I give myself an internal shake before plastering a smile on my face. It’s not a fake smile either. I am happy to just be here with him. I can push my feelings and attraction away. They’re just an added layer. They can live in the back of my mind while I carry on like always.

“You okay?” He asks as he spots me in the doorway.

“Yeah, I’m good. Ready for some of that amazing food I can smell though.”

“Five minutes and you can eat away.” He informs me happily.

That’s good, because I can now hear my stomach grumbling away. Yeah, I’m pretty damn hungry. It’s a good thing too; I need food to fuel my healing, and I haven’t exactly had a great deal to eat while at the hospital. The food was worse than what I was provided while Rex had me. Bring on Flame’s cooking.

I’m also really glad to see Shadow looking so much happier. He looks more like his normal self. He’s not back to normal, and I wasn’t expecting that to happen so fast anyway, but it’s nice to see him a lot freer. Less weighed down by everything. I can’t wait until he finally moves past everything and becomes the ray of sunshine I know and love.

* * *

I was right, Flame’s lasagne was just as good as always; actually, it might have been better. It tasted fucking amazing. It’s just what I needed. Shadow devoured his portion too, which I’m happy to see. He didn’t eat much while I was in the hospital either. We both definitely needed a good meal.

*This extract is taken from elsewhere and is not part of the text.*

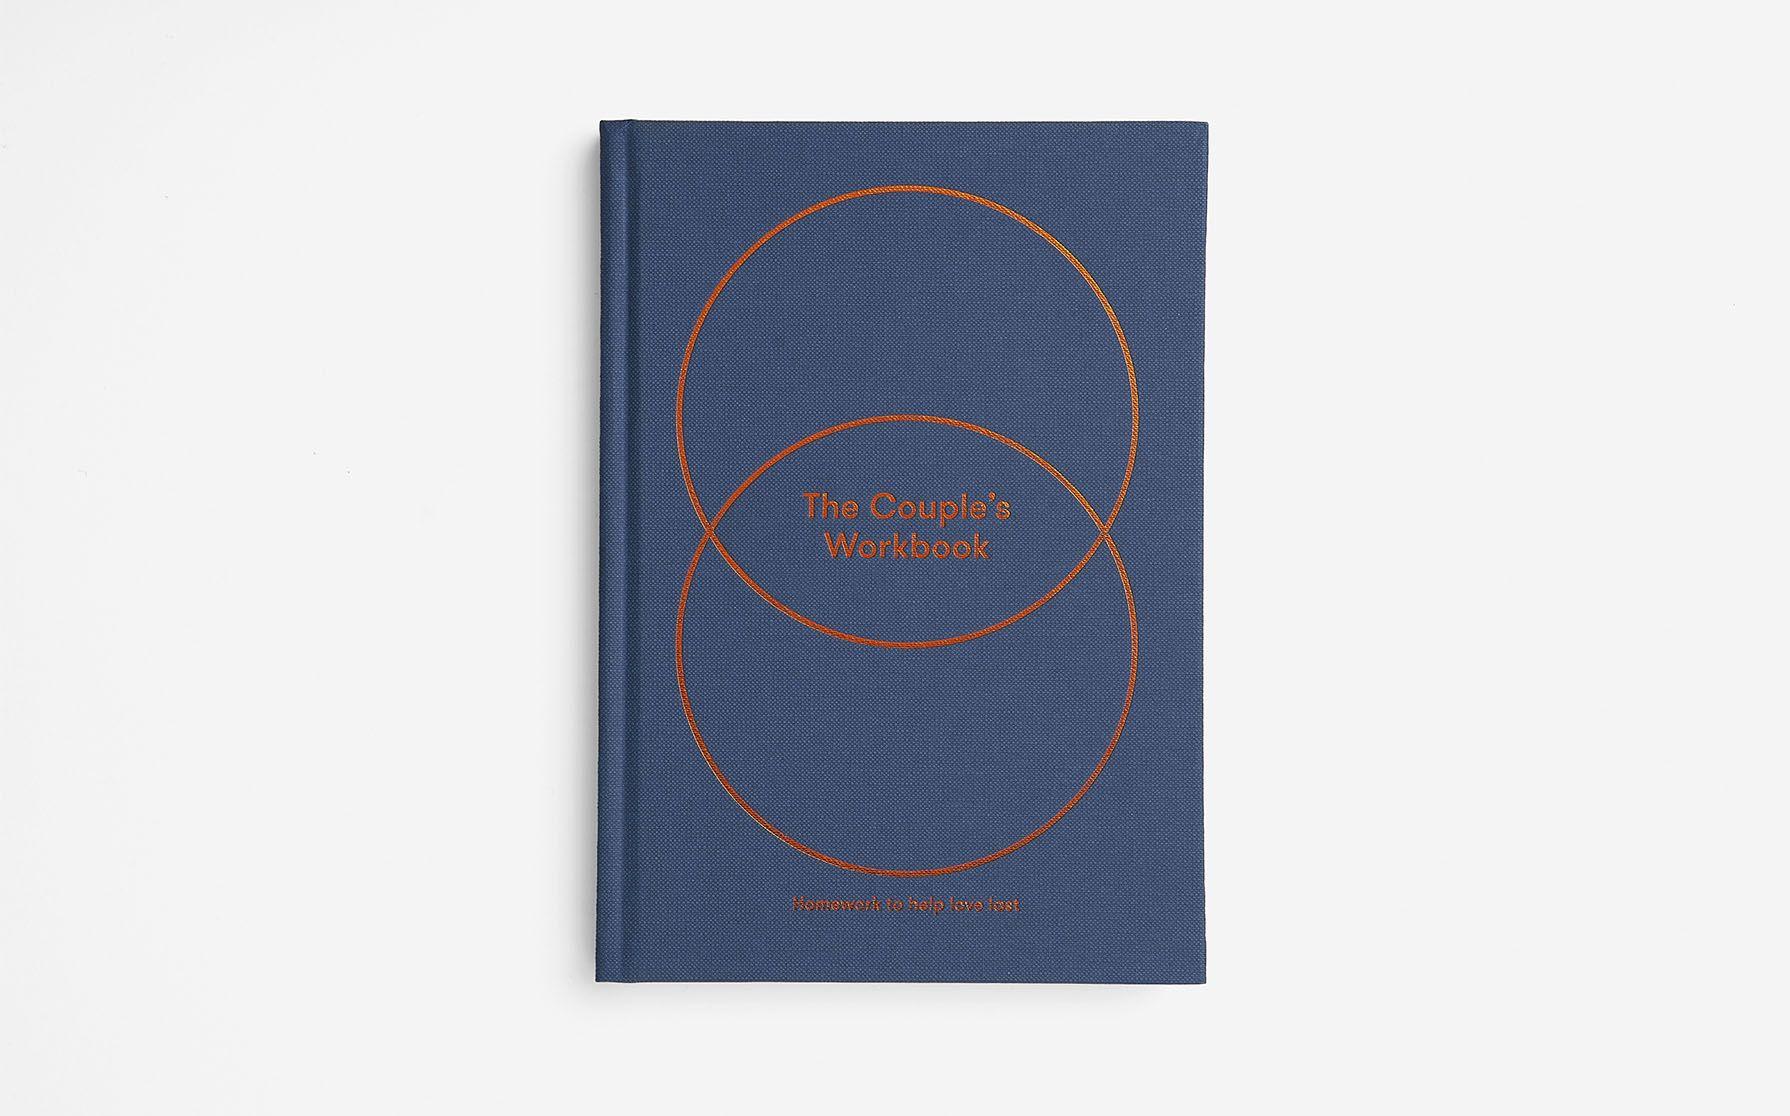 The School of Life - Couple's Workbook

With us both full and happy, we move to the living room. Shadow puts a movie quietly on the TV while I’m lying with my pillows surrounding me but my head in his lap looking at the ceiling. It might not be the smartest thing to do with my ribs, but I need his closeness. It’s also stupidly relaxing to just lie here with him running his hand through my hair. I’m not quite sure he realizes he’s doing it, but I’m not going to say anything just in case he stops.

“Maybe we should head to bed where you’ll be comfier.” He says breaking the comfortable silence we’ve been in.

“Yeah, I guess.” I reply as I sit myself up, trying not to wince in the process. “Is the guest room bed made up?”

He spins to look at me, “No, because you’re not sleeping in there. You’re sleeping in my bed next to me, so I know you’re safe. I’m not ready to be apart from you yet.”

Oh my silly fucking heart, saying things like that isn’t going to help me keep my feelings pushed to the back of my mind. See this is why it was so goddamn easy to fall in love with him without realizing it. He’s fucking amazing. I’m not going to complain about sharing a bed with him. I’m injured, not fucking stupid. I will never say no to sleeping next to the man I love more than life itself.